Mendel, while enunciating, his law of independent assortment, ascertained that two or more elements, that constitute a hybrid, undergoes independent segregation without being influenced by the other.
Mendel’s principles of independent assortment apply not only to genes but to chromosomes as well, so that paternal and maternal chromosomes are segregated to separate gametes during meiosis.
It is for this reason that genes carried on different chromosomes undergo complete segregation. Fortunately for Mendel, all the seven characters that he chose for study were on different chromosomes (there are seven pairs of chromosomes in pea plants).
There are hundreds of characters in organisms and if there is a gene for every character as Mendel visualized (which is a fact also) there must be hundreds and indeed thousands of genes, and if genes are situated on the chromosomes there must be hundreds or thousands of chromosomes.
But this is not so; while there could be thousands of genes, the number of chromosomes in most of the individuals hardly exceeds hundred; in fact it is much less.
In Drosophila, where hundreds of characters have been studied there are only four pairs of chromosomes.
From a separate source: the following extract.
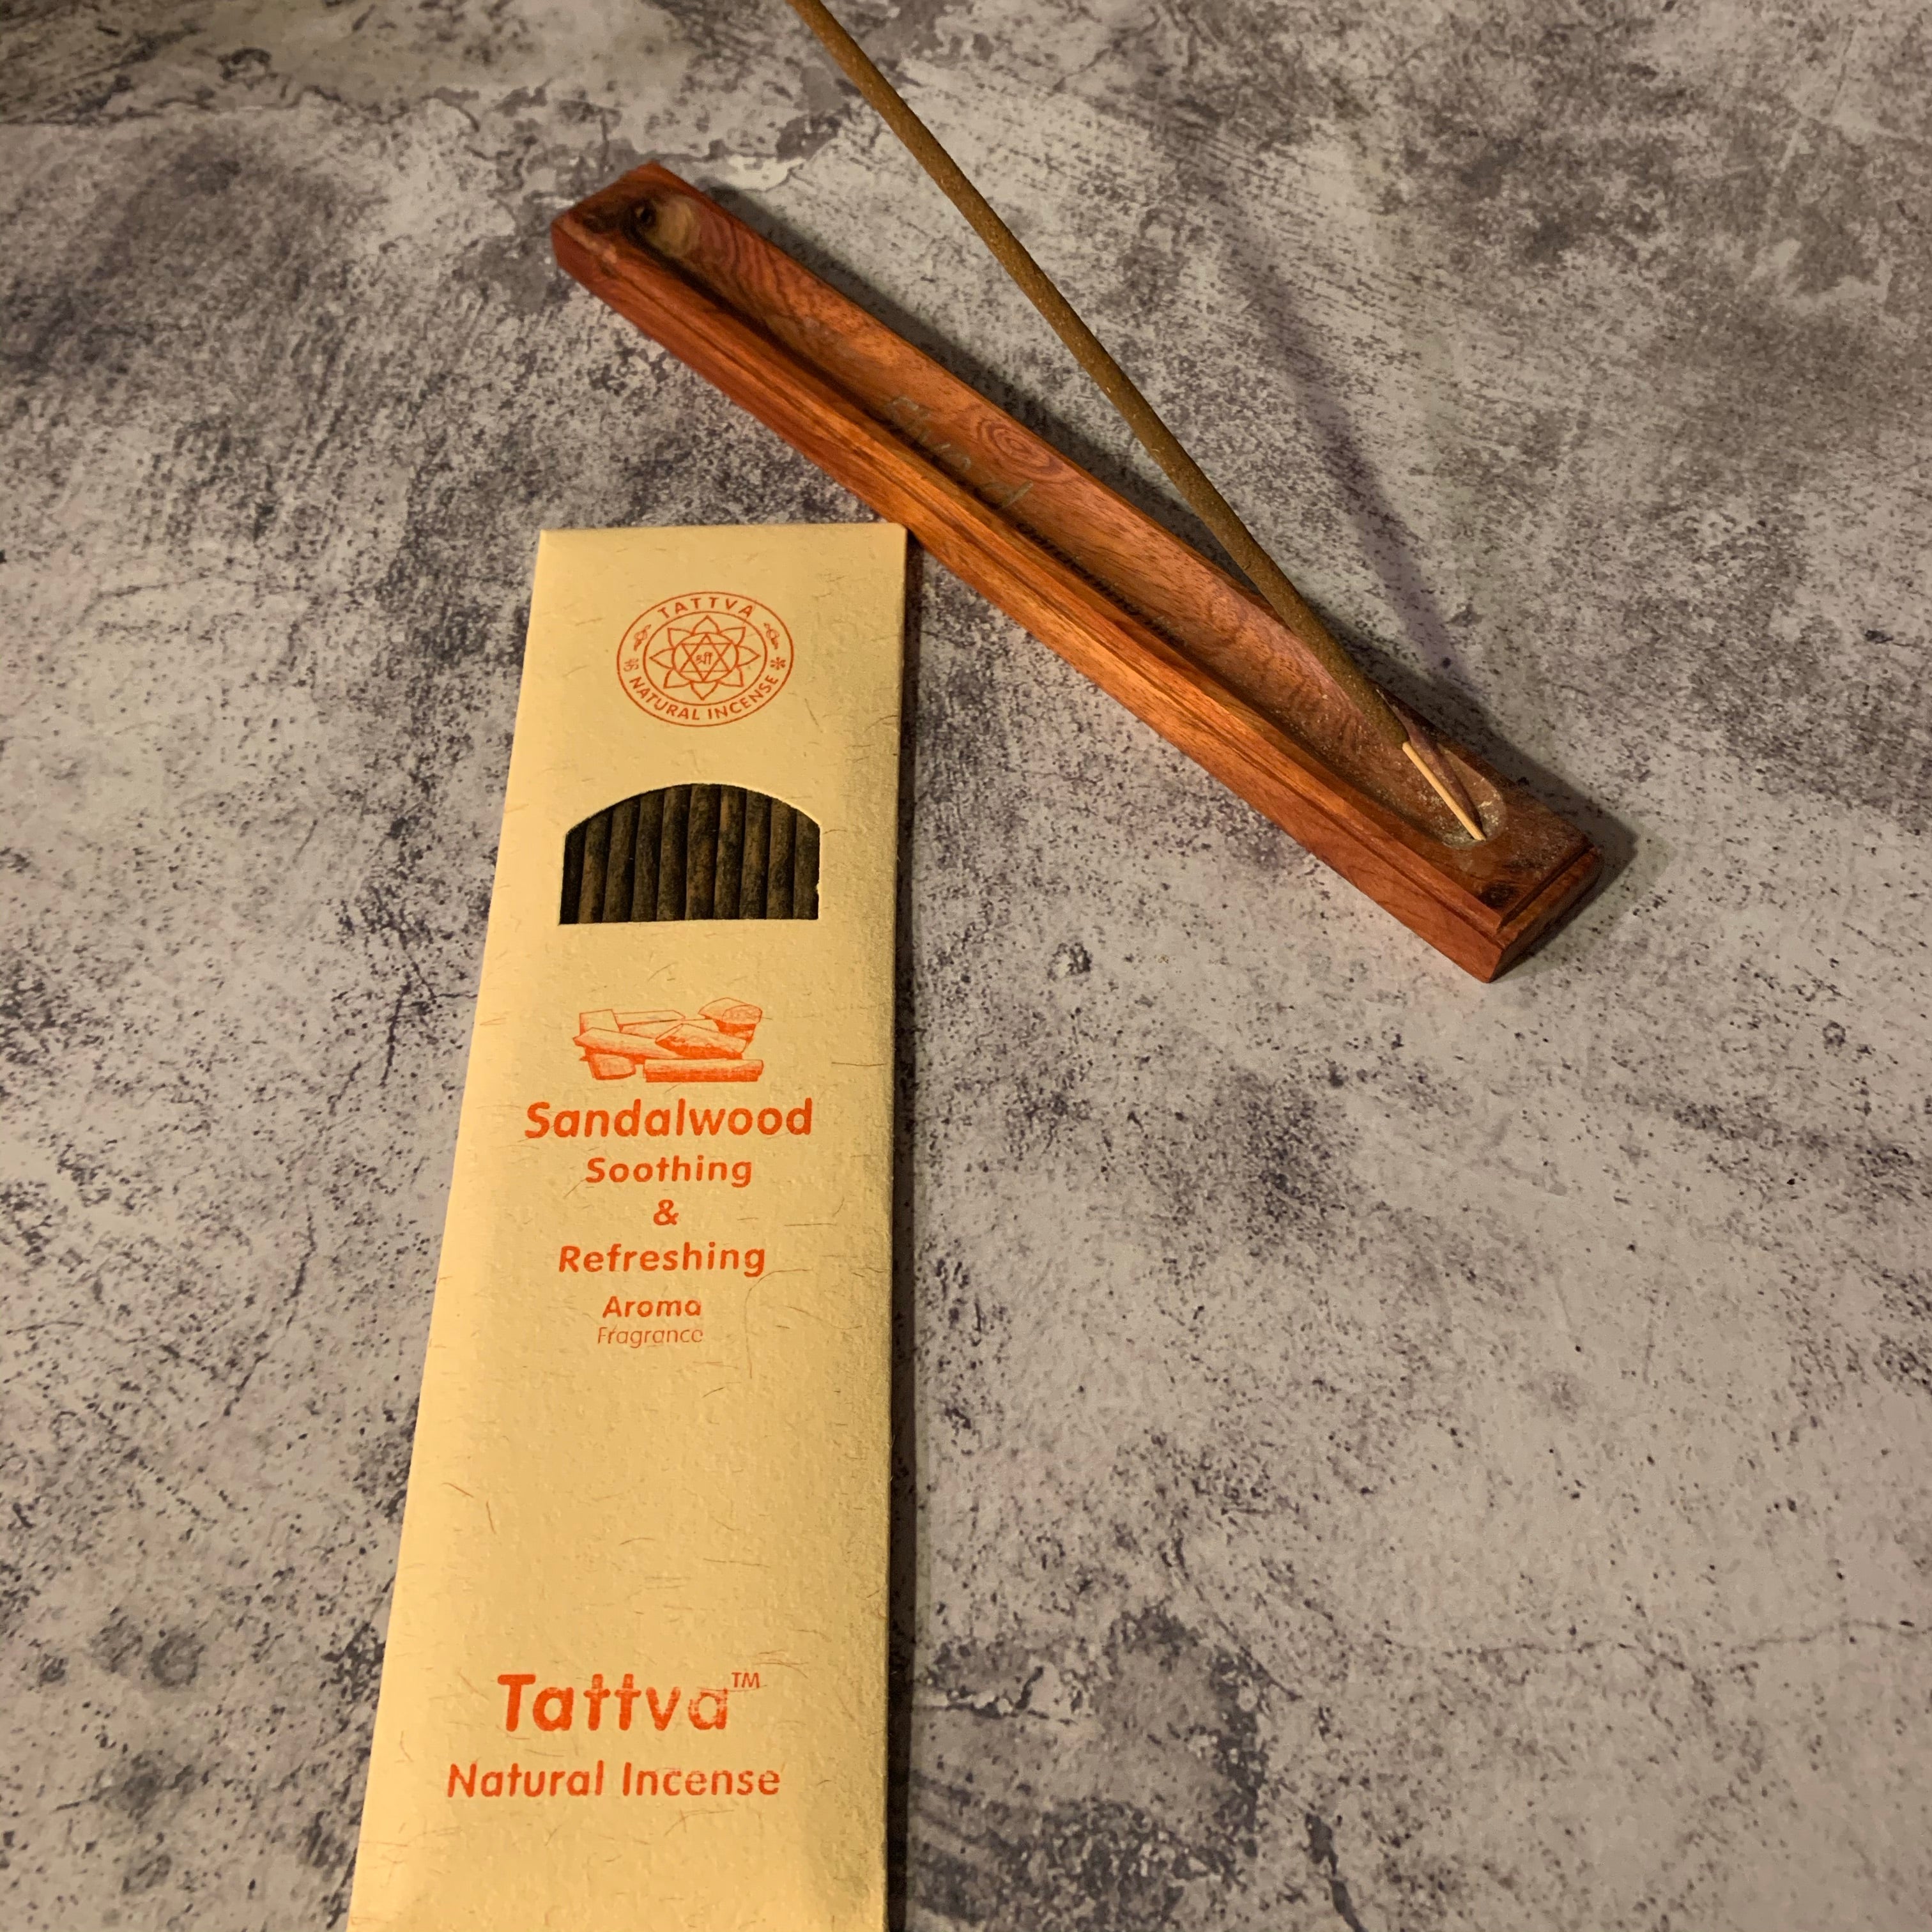 Tattva Natural Incense from Himalayas (India)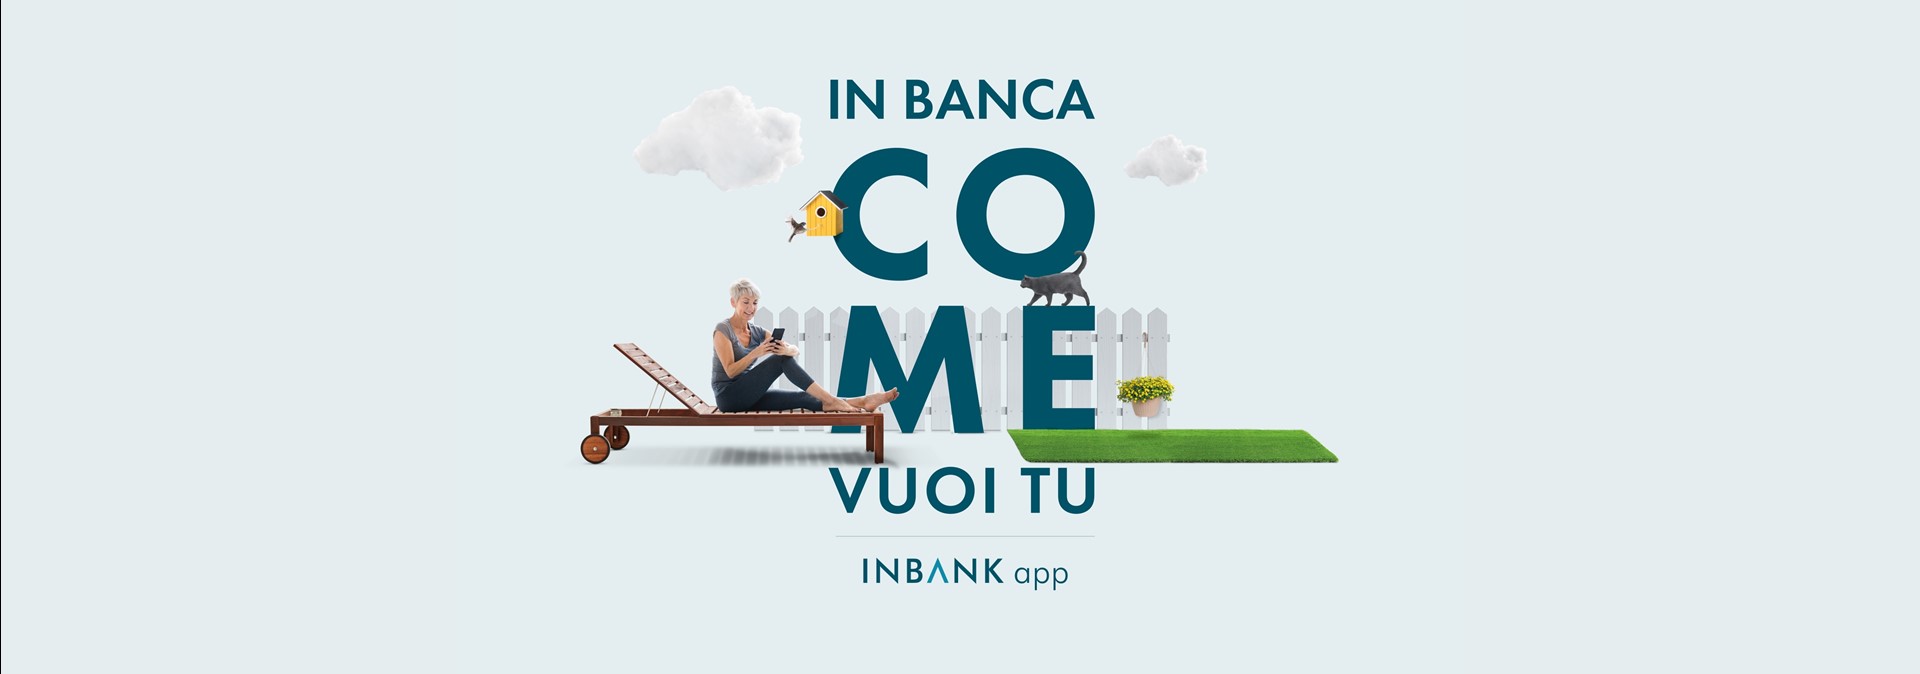 inbank app.jpg

In human beings with thousands of characters, there are only 23 pairs of chromosomes.
If genes are situated on the chromosomes, it means then several genes responsible for so many characters must be situated on a single chromosome.
When this is so, genes or characters on a single chromosome cannot segregate. They cannot be assorted independently instead they tend to be inherited together.
It was Sutton (1903) who first pointed out the anomalous situation in believing total independent assortment for all the characters, when the number of chromosomes is far less than the number of genes.
For e.g.: if we identify two genes located on a chromosome and perform a dihybrid cross, the chances are the two genes will tend to go together, instead of being assorted independently.
The two traits controlled by these will appear together in an individual, instead of segregating to two individuals. In a dihybrid cross of this type, Mendel’s 9:3:3:1 ratio will be modified.
This phenomenon of genes (present on a single chromosome) showing the tendency to be inherited together is called linkage.
However until Morgan’s work in 1910, Genetics did not have a satisfactory explanation for the tendency of the genes to assort together in the offspring. We shall consider some of the hypotheses concerning the above mentioned behaviour of genes.
As has been pointed out already, Sutton (1903) opined that several genes are present on the chromosome and they tend to be inherited together. However he did not visualize the concept of linkage.
Instead he said that there are groups of genes, and these groups in an individual correspond to the number of chromosomes. Sutton did not experimentally confirm his views.